Print every line below exactly. Skip the pictures.

[[ Data, beginning ]]

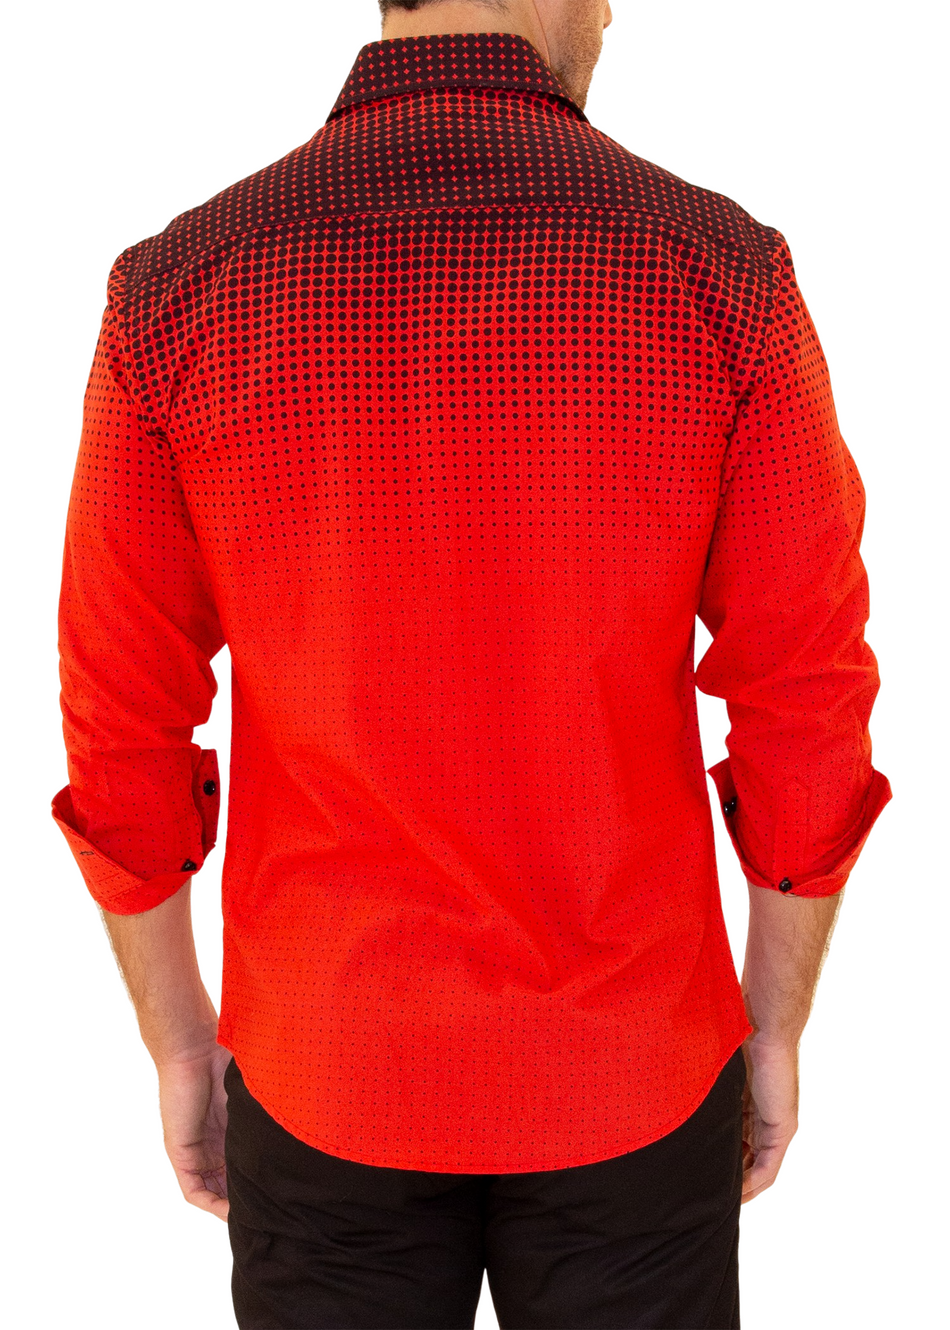 202500 - Men's Red Button Up Long Sleeve Dress Shirt
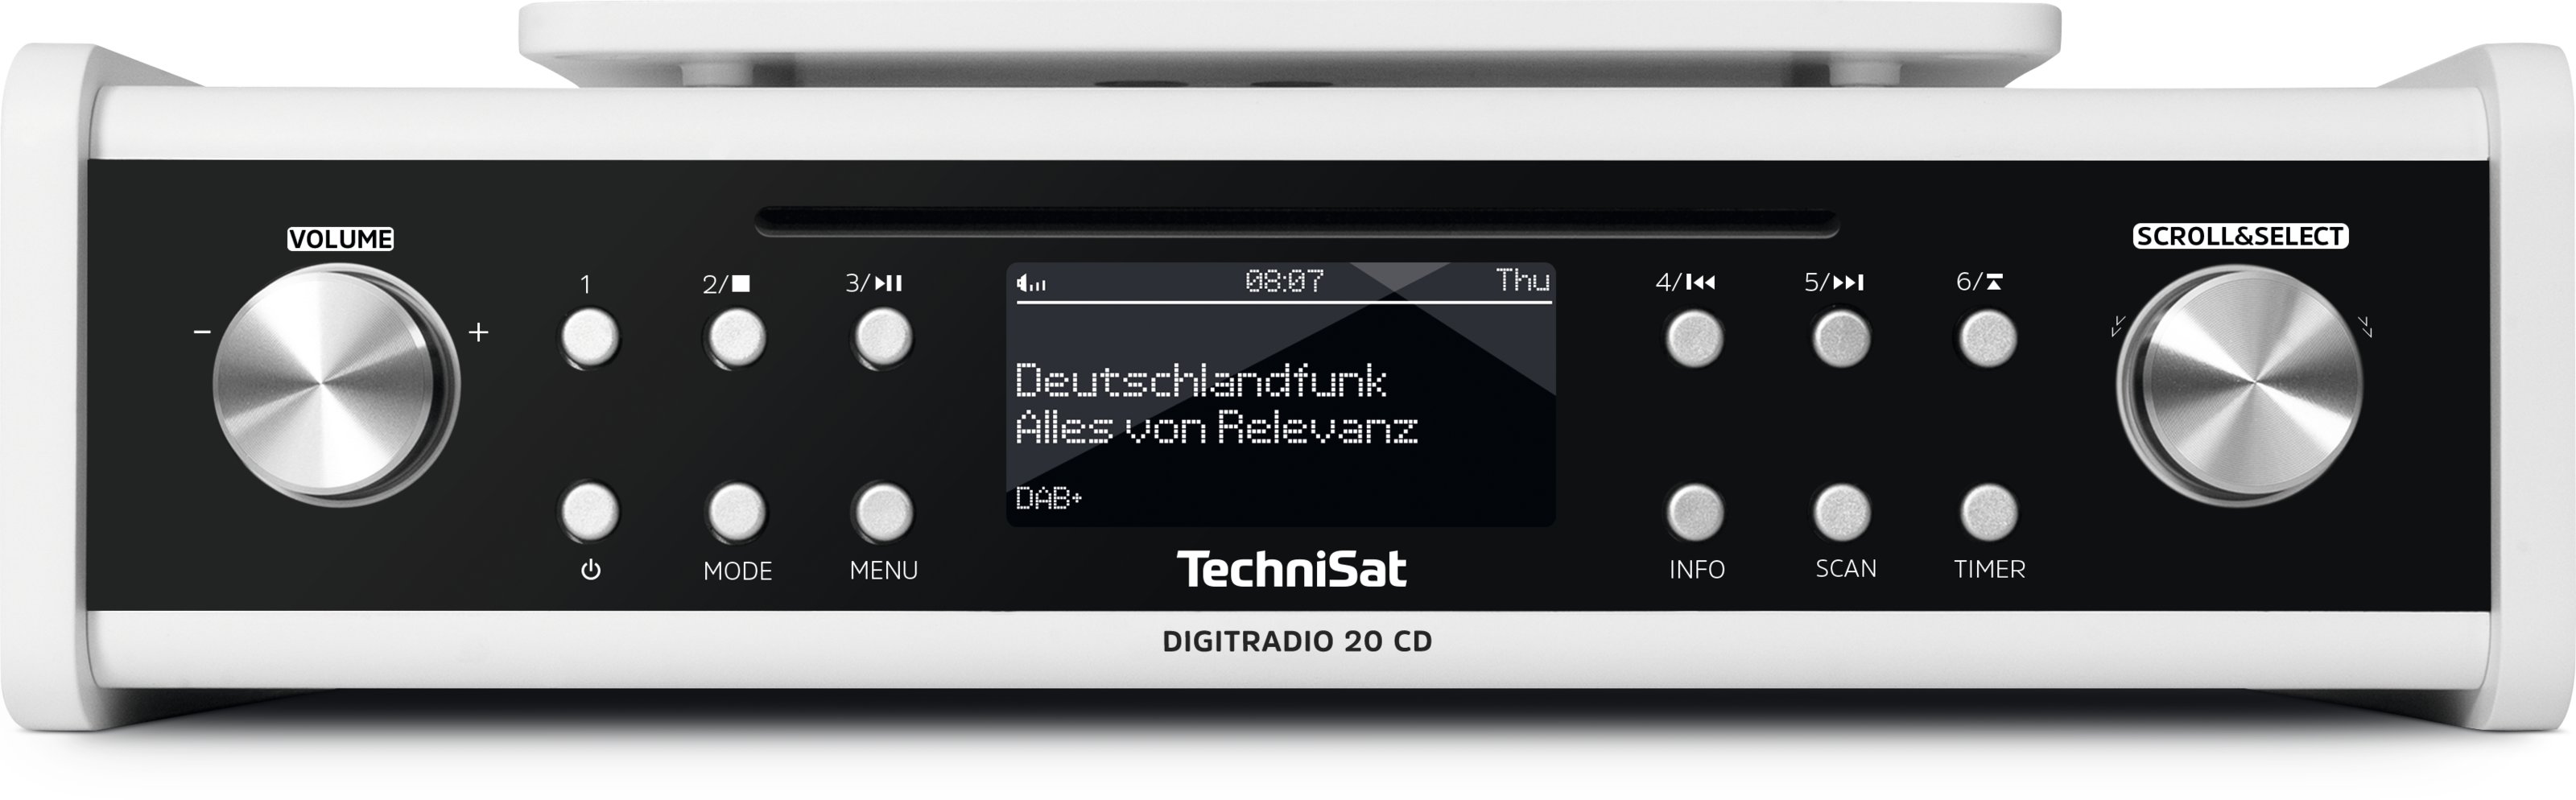 Küchenradio DIGITRADIO-20 CD weiss TechniSat
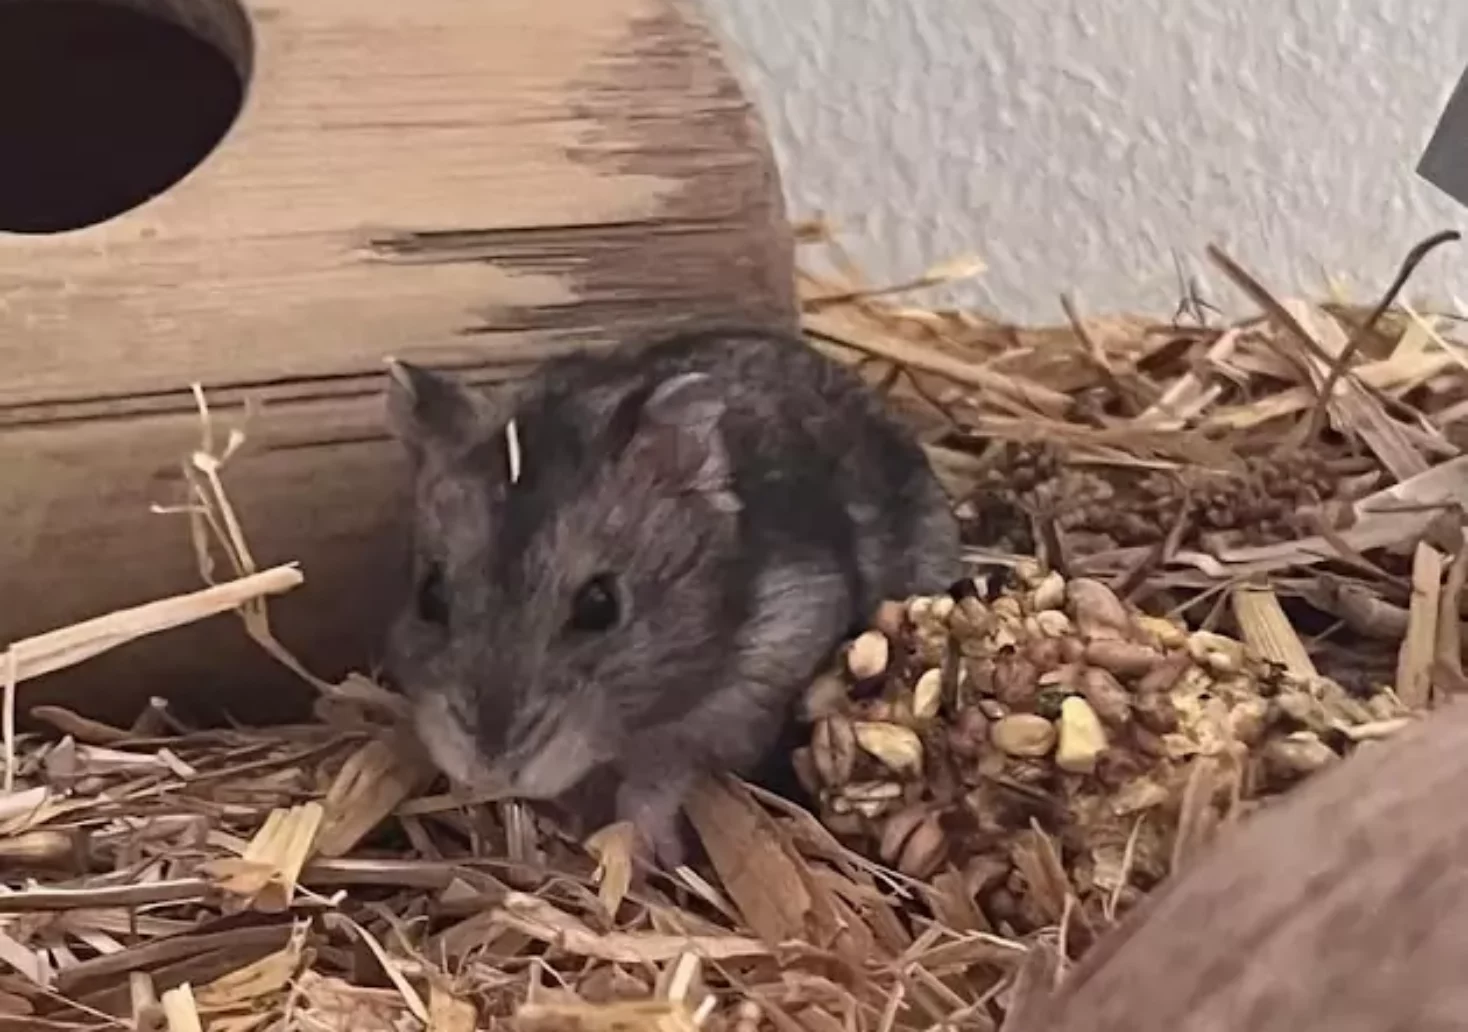 Foto in Beitrag von 5min.at: Zu sehen ist einer der Hamster, der traurigerweise verstorben ist.

[[ Data, end ]]

- [Exercise answer]:
 202500 - Men's Red Button Up Long Sleeve Dress Shirt
 Küchenradio DIGITRADIO-20 CD weiss TechniSat
 Foto in Beitrag von 5min.at: Zu sehen ist einer der Hamster, der traurigerweise verstorben ist.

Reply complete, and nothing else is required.